The gradually improving security situation in South Sudan should see oil production rise and create some of the jobs needed to help maintain peace in the world’s newest country. Relations with neighbouring Khartoum have improved since Omar al-Bashir’s 30 year rule came to an end in April 2019, while the peace deal with domestic rebel forces has enabled the creation of a Transitional Government of National Unity.

The Paloch oil fields in South Sudan Source: South Sudan Ministry of Petroleum

After decades of fighting for independence from Khartoum, South Sudan became a sovereign nation in 2011. Hopes were high that this would result in improved living standards, partly fuelled by the country’s substantial oil production, but a civil war broke out in 2013, affecting both ambitions. 

Hon. Eng. Awow Daniel Chuang, Undersecretary at the Ministry of Petroleum, commented: 
“The political process definitely affects the hydrocarbons sector. If South Sudan’s political situation is unstable and if there’s a perception that there are political problems, investors will stay away from the country, especially from the hydrocarbons sector.”

South Sudan’s security problems were exacerbated by its geographical location within an area more widely affected by instability, stretching from Darfur, parts of Chad and the Central African Republic to northeastern Democratic Republic of Congo and northern Uganda. Insecurity on one side of a border generally makes it more likely on the other and so the various civil war and cross-border conflicts in the region have fed into each other. 

However, South Sudan’s President Salva Kiir and opposition leader Riek Machar signed a peace deal in September 2018, followed by a binding settlement and regional power sharing agreement this February.
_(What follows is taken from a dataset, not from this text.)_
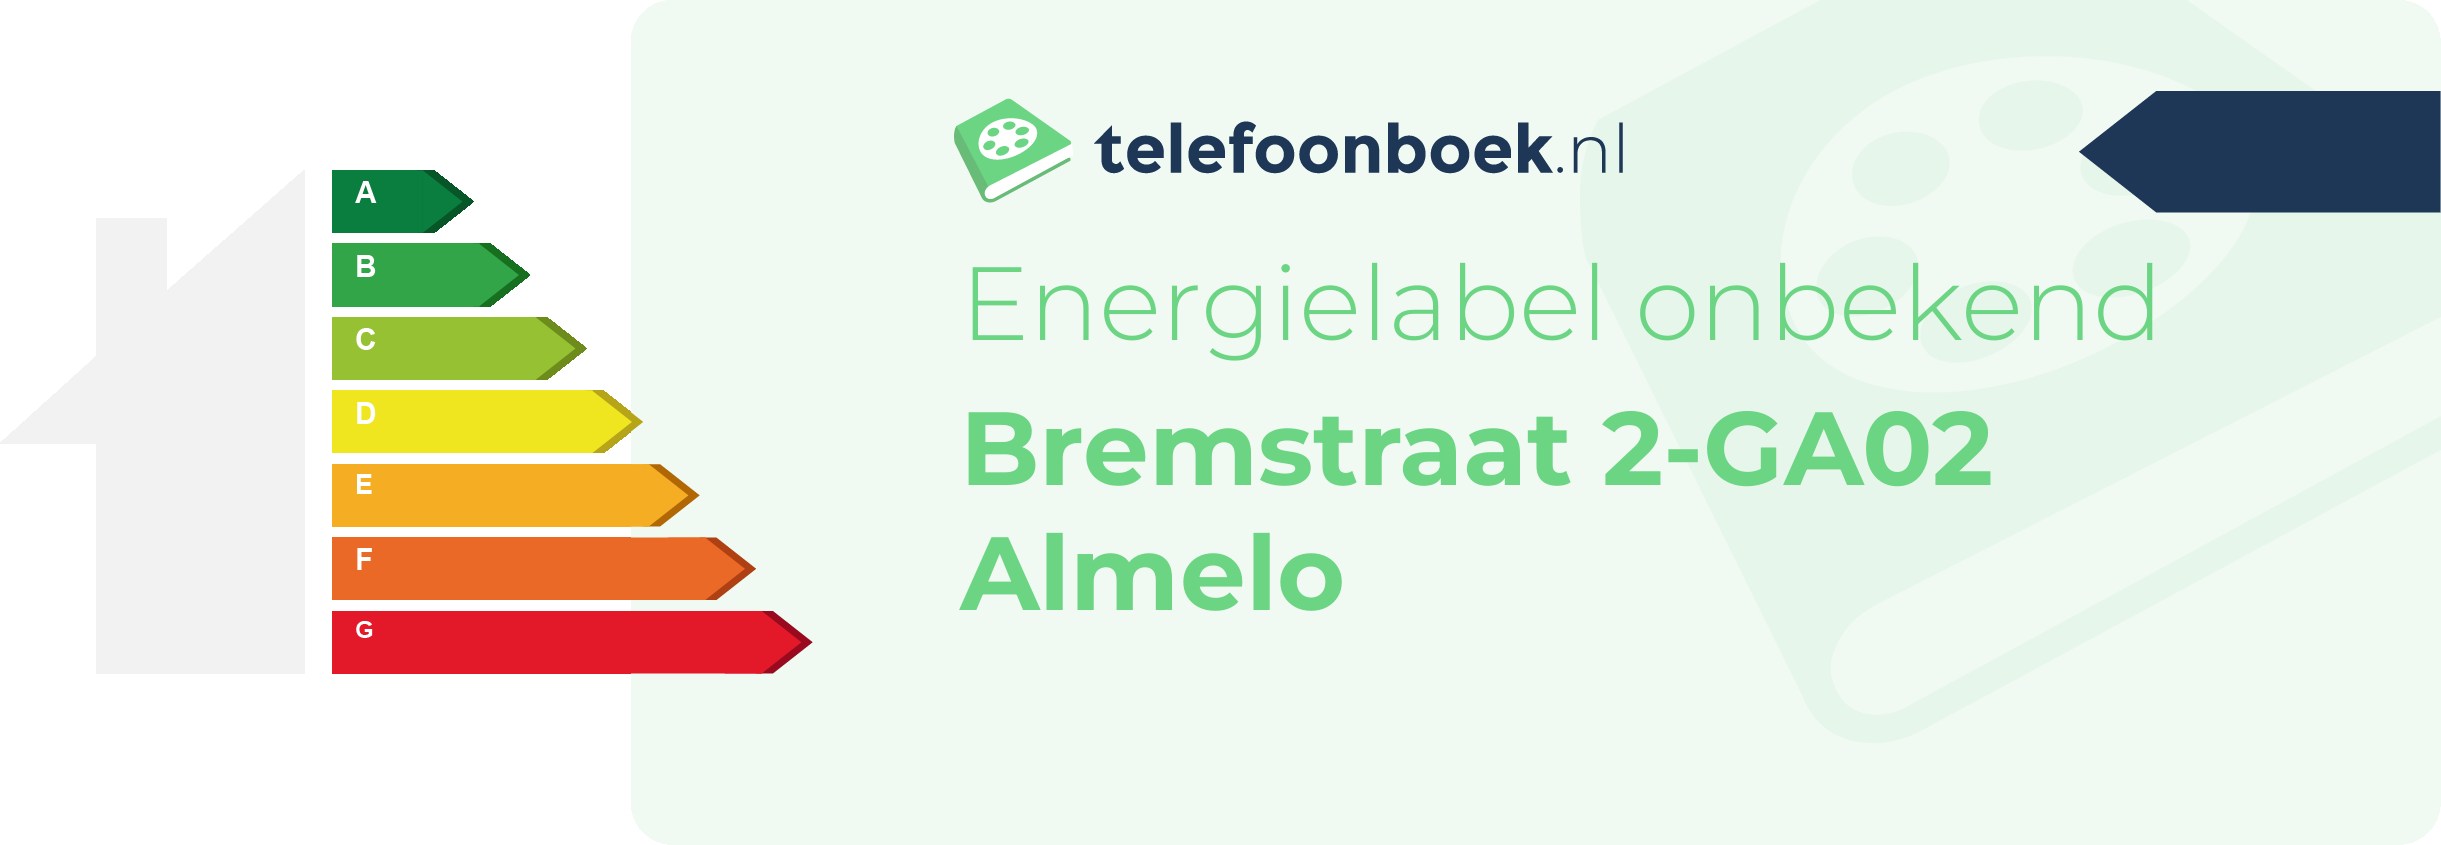 Energielabel Bremstraat 2-GA02 Almelo

In mid-June, the two sides agreed on the process for choosing regional governors.

Chuang said:
“We think right now the political situation has improved, following the signing of the peace agreement and formation of the new government...I’m sure after the Covid-19 pandemic has passed, many investors will come to the country, as they have been waiting for the right opportunity. We know it is a lengthy process, but with increasing political stability, we hope to attract more investors to the oil and other sectors.”
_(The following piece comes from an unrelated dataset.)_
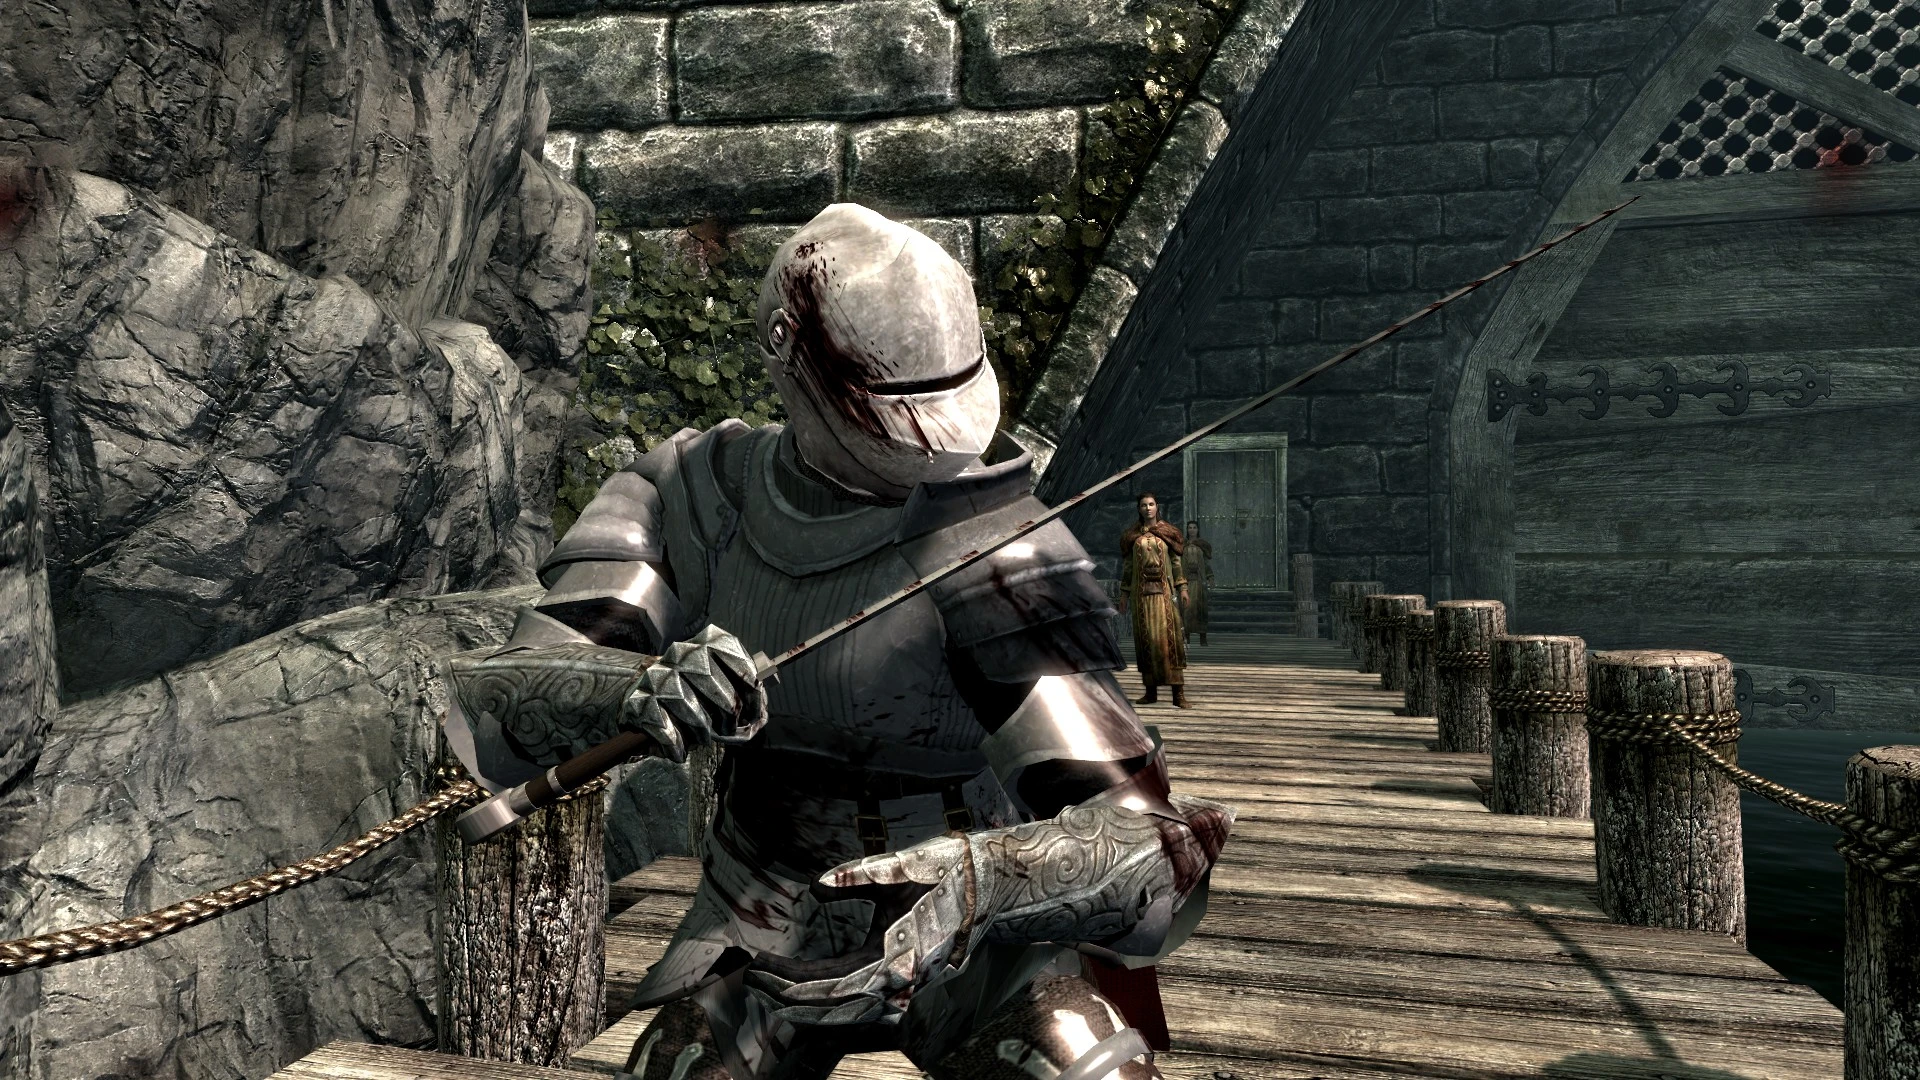 Skyrim medieval knight armor - litoyou

Oil companies have begun to rehabilitate mothballed oil fields. For instance, a consortium of China National Petroleum Corporation, Petronas, ONGC and South Sudan’s own Nilepet have brought the Toma South and Unity fields back on stream and are increasing output on the Al Har, El Toor and El Nar fields, adding 52,000 b/d to national production. 

The government hopes to boost total output from 170,000 b/d in July to 350,000 b/d by the end of 2023. The country’s first licensing round for new acreage is also planned for next year, as Juba seeks to capitalise on the improved security situation to attract new investors to the country.
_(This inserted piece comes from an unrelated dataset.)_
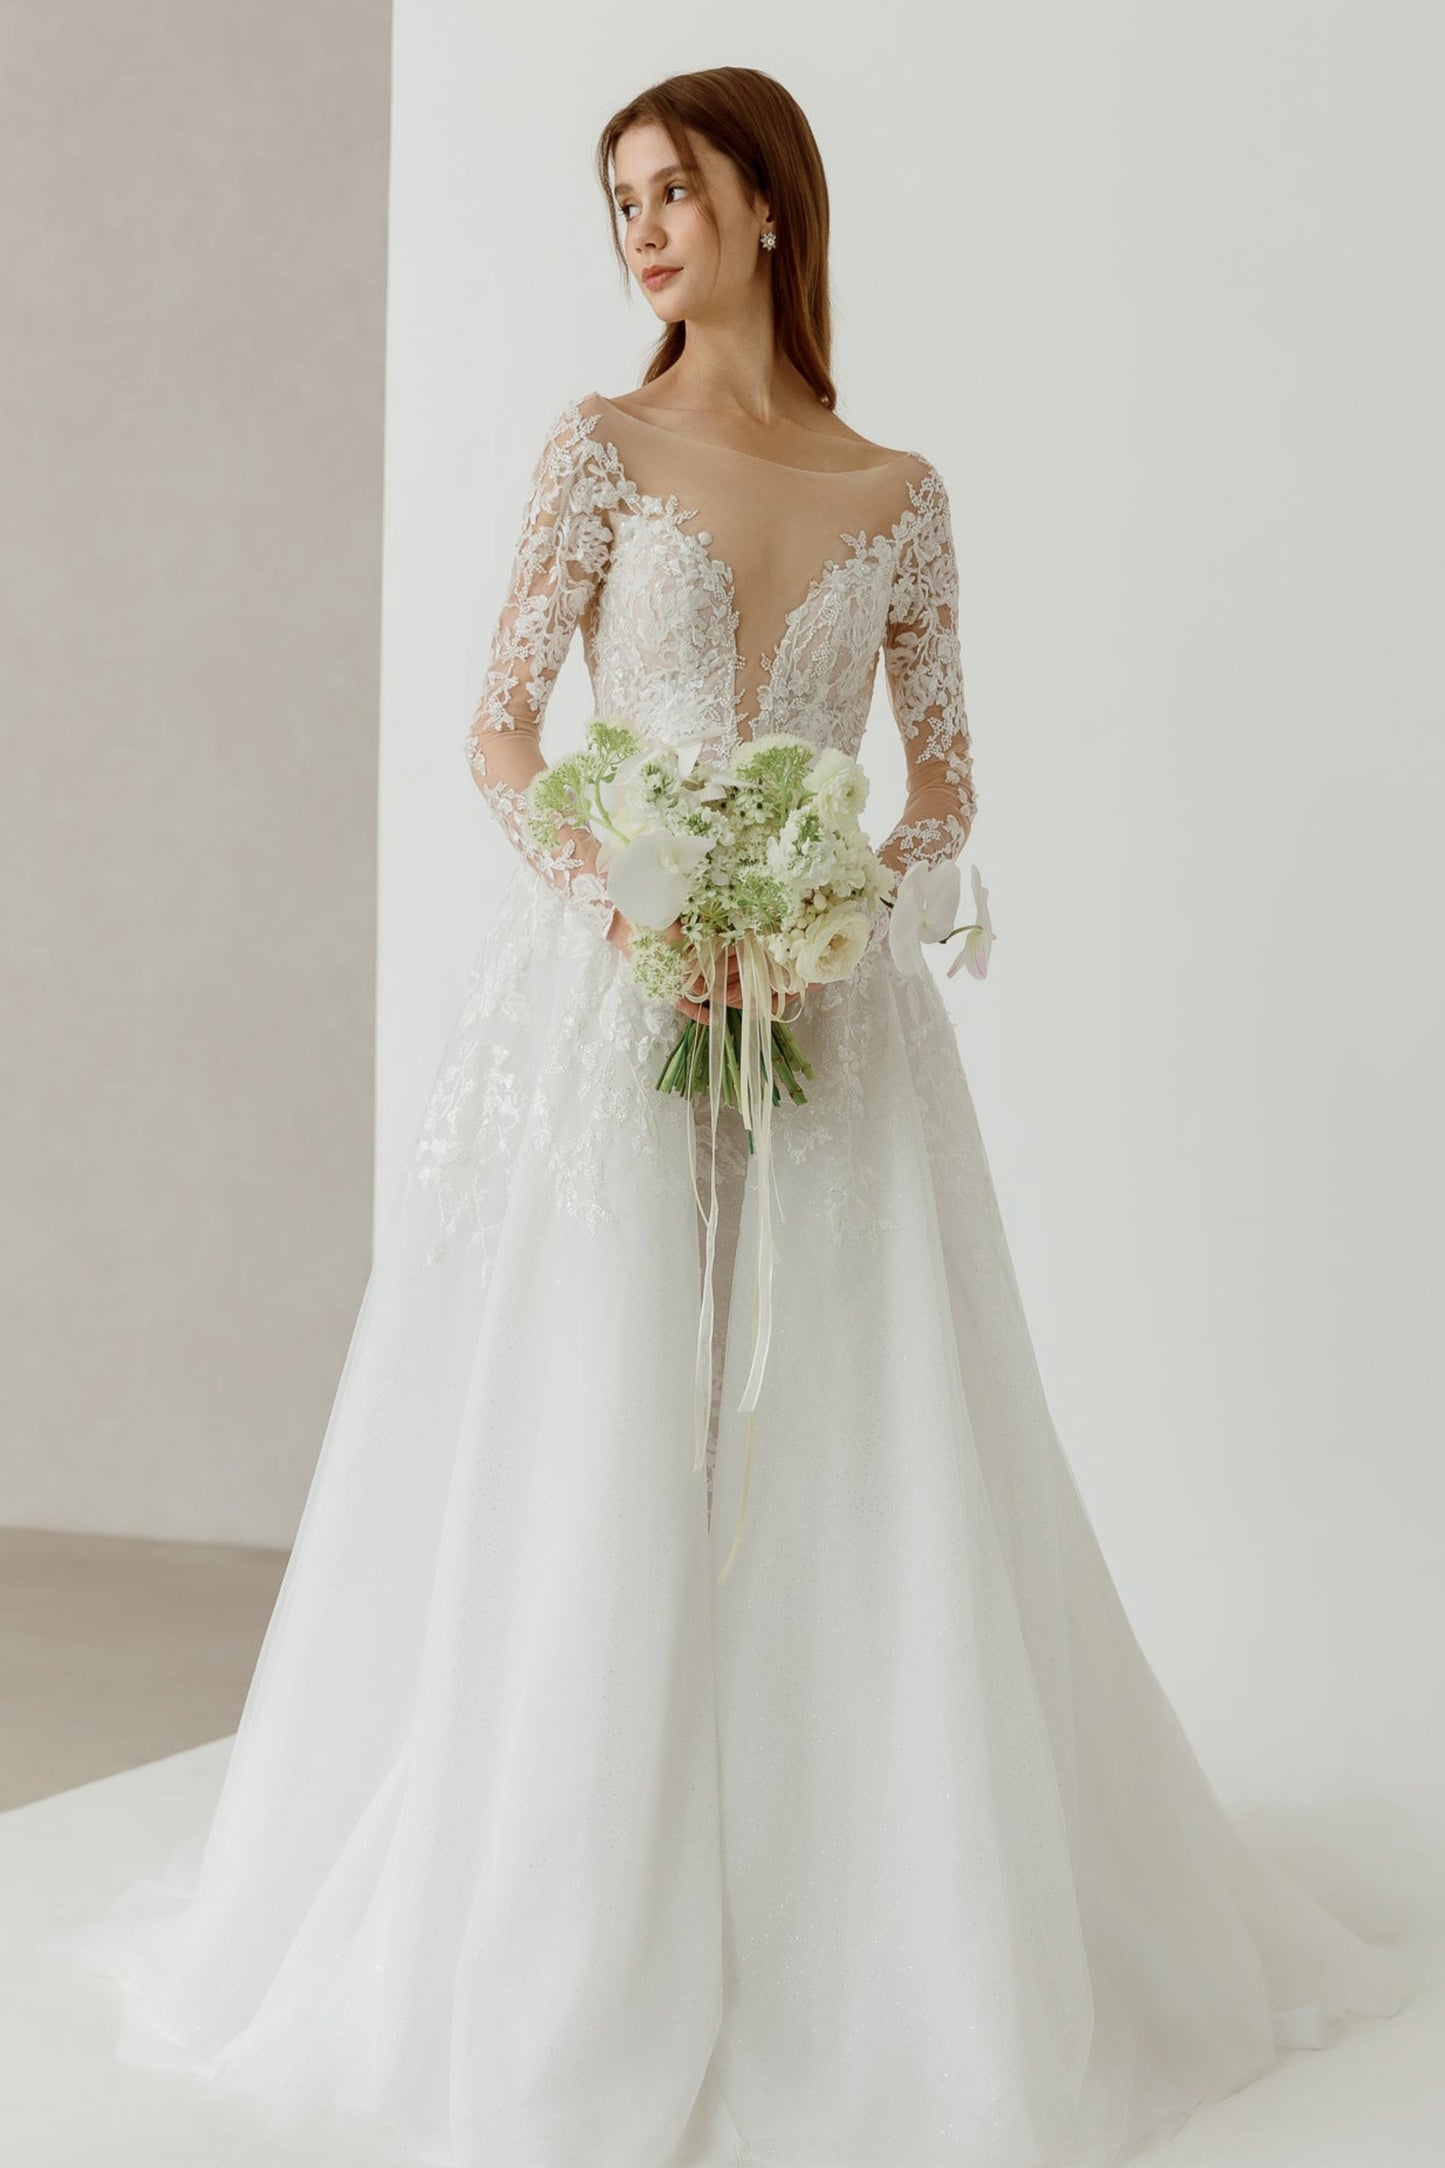 Brautkleid mit tiefem V-Ausschnitt, Spitze und Meerjungfrauenrock V deep neckline wedding dress with lace and mermaid skirt

As in other conflict affected countries across the continent, expanding the economy through oil revenues is also vital to create jobs and deter people from taking up arms. There are hundreds of thousands of people for whom fighting had become a way of life from post-conflict Angola and DR Congo to Liberia and Sierra Leone, as well as South Sudan. They need more than merely the prospect of poverty and low living standards to convince them that fighting is not the solution to their problems.